(Records excerpted from a collection)

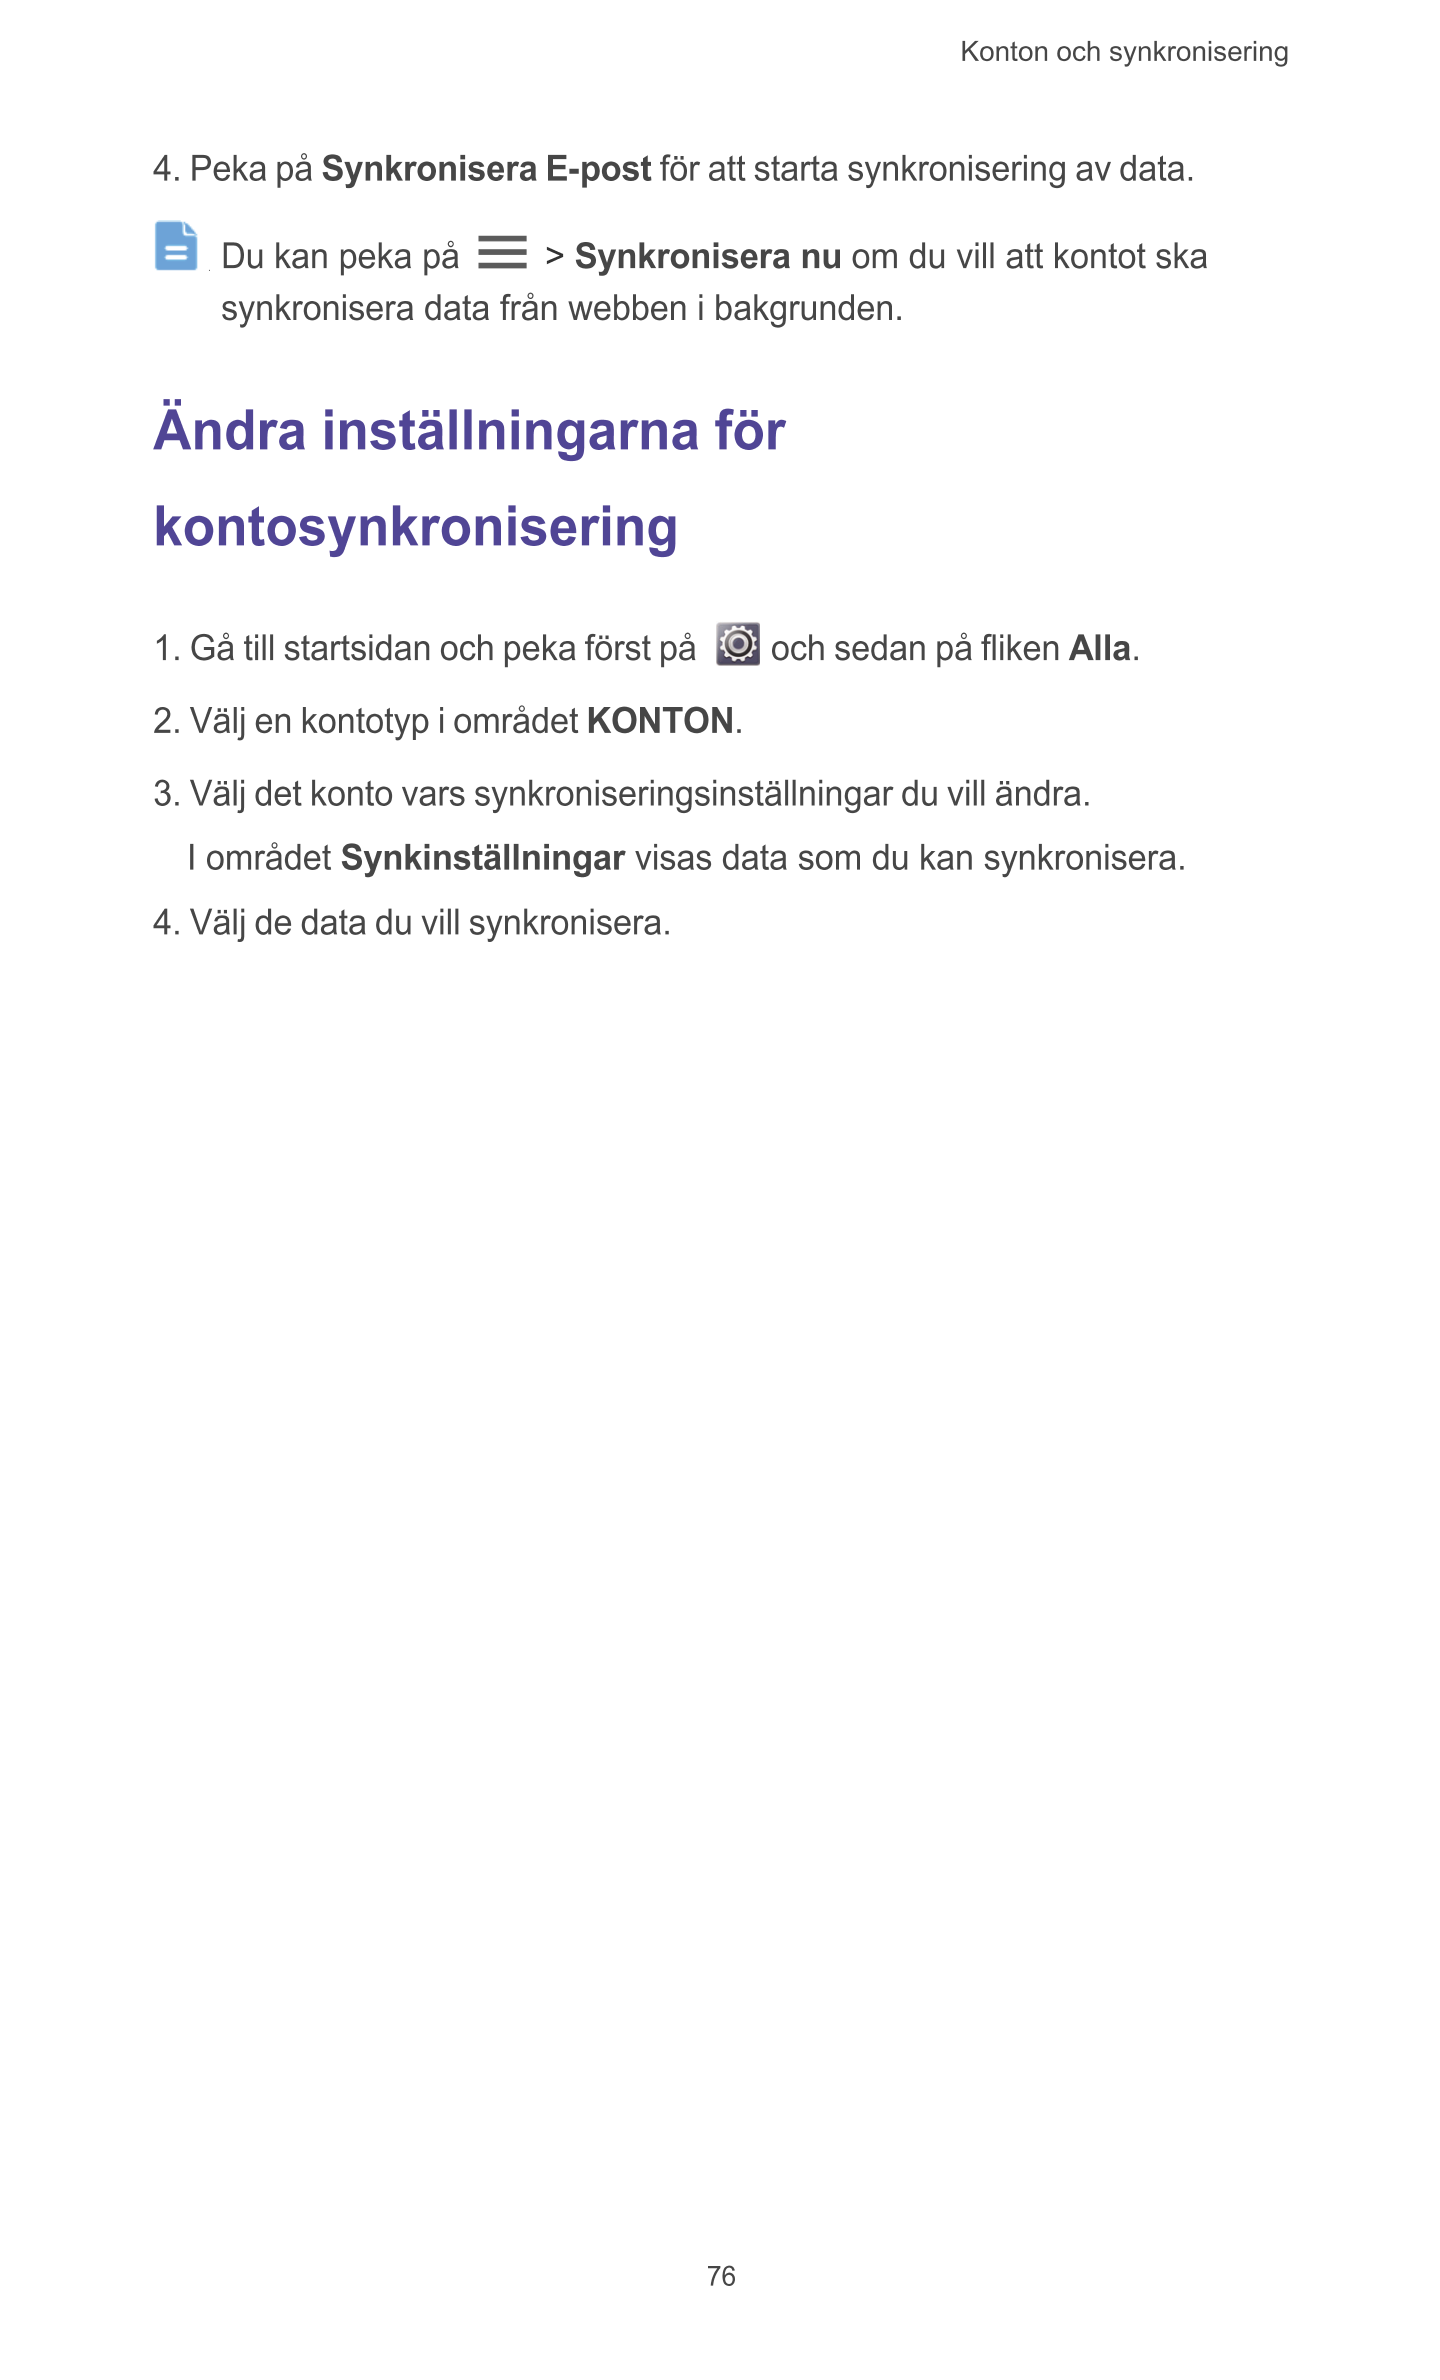 Konton och synkronisering  
4. Peka på  Synkronisera  E-post för att starta synkronisering av data. 
Du kan peka på   >  Synkron
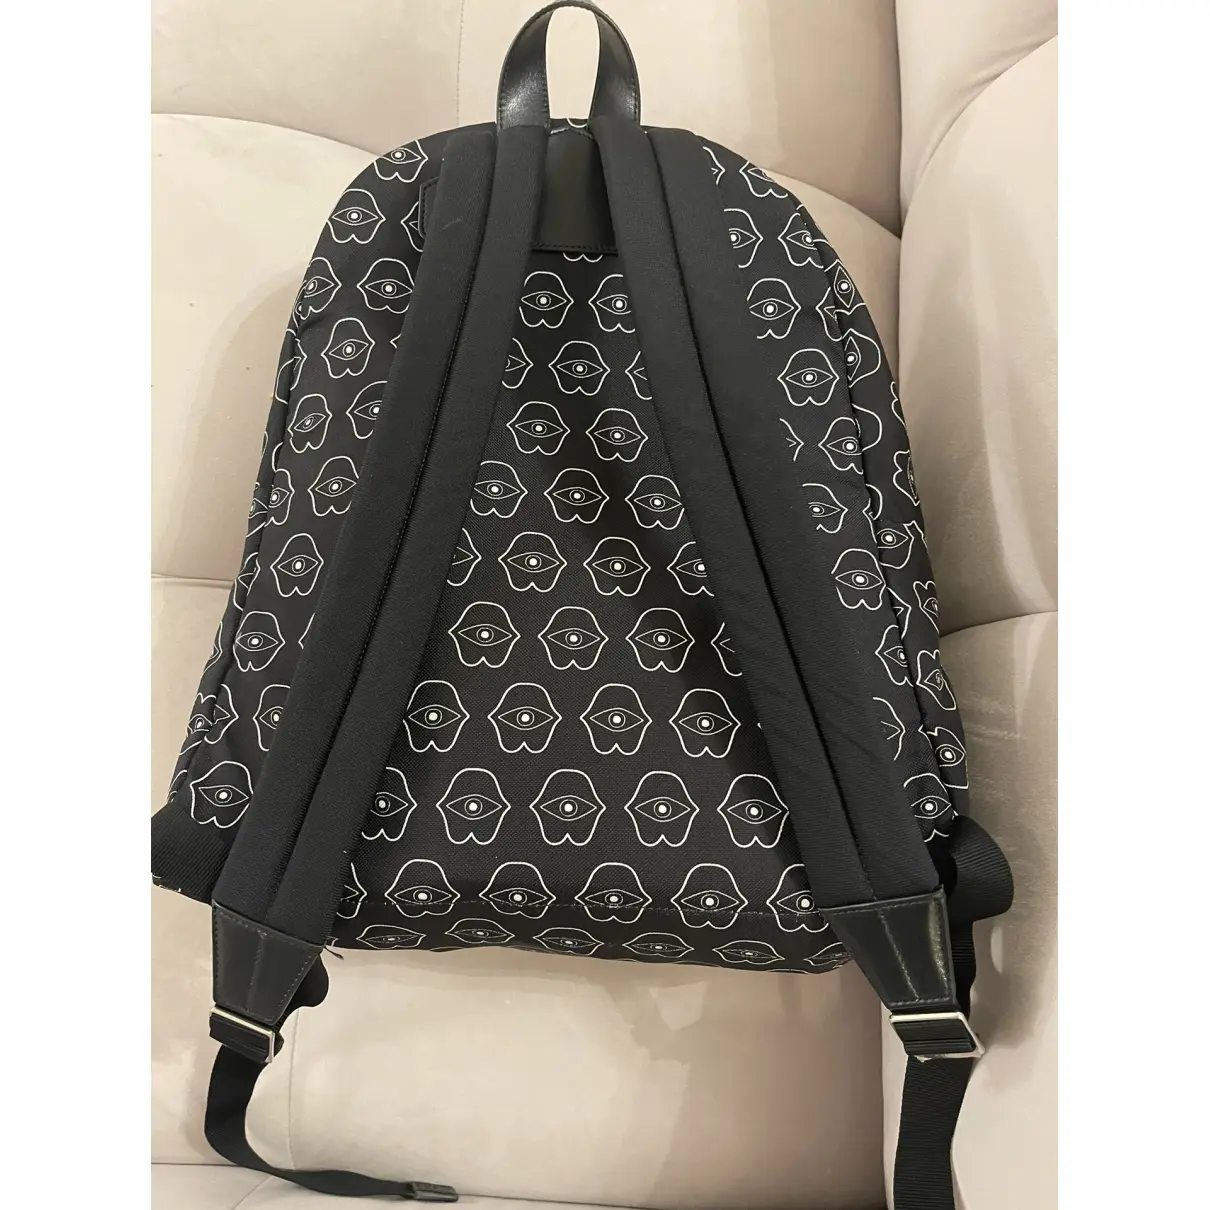 Buy Celine Cloth backpack online
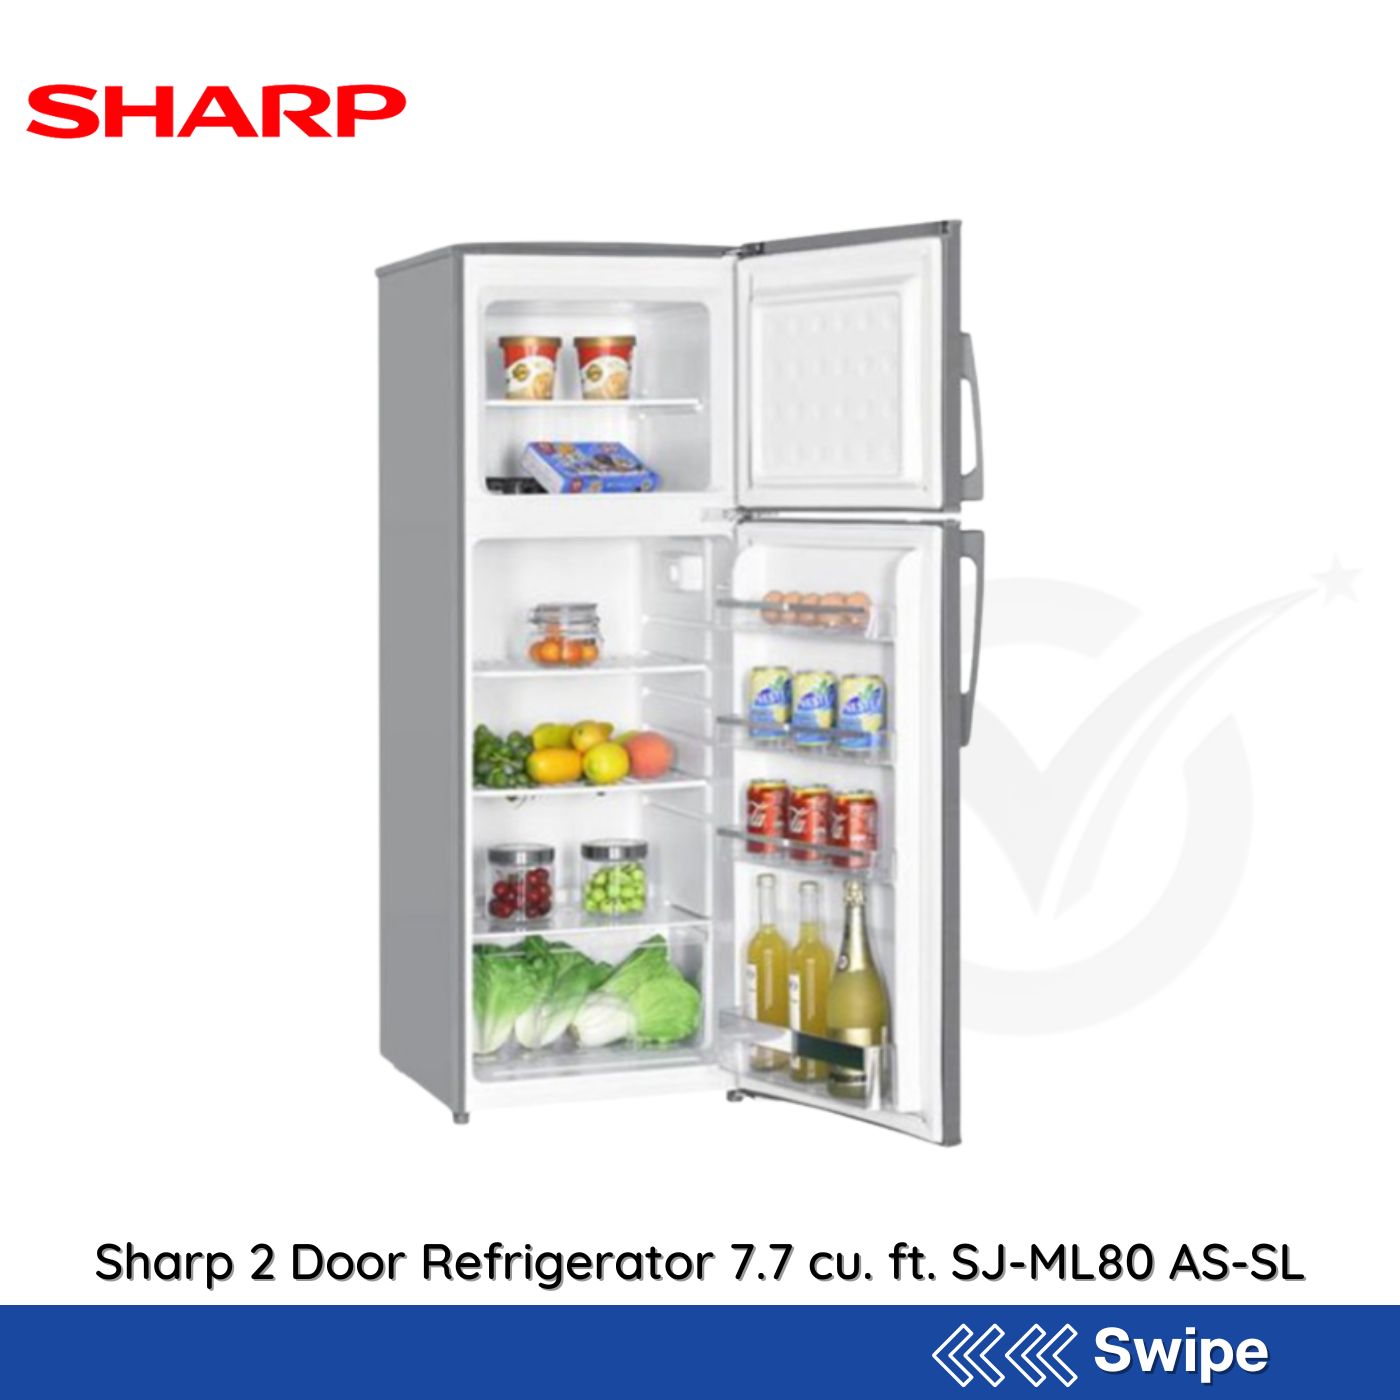 Sharp 2 Door Refrigerator 7.7 cu. ft. SJ-ML80 AS-SL

§ **DESCRIPTION OF THE TASK**: Print the lines from the line with "synkronisering av data." to the end of the data above. Include both ends, exclude the pictures, and add nothing else.

§ **FINAL ANSWER**:
4. Peka på  Synkronisera  E-post för att starta synkronisering av data. 
Du kan peka på   >  Synkron
 Buy Celine Cloth backpack online
 Sharp 2 Door Refrigerator 7.7 cu. ft. SJ-ML80 AS-SL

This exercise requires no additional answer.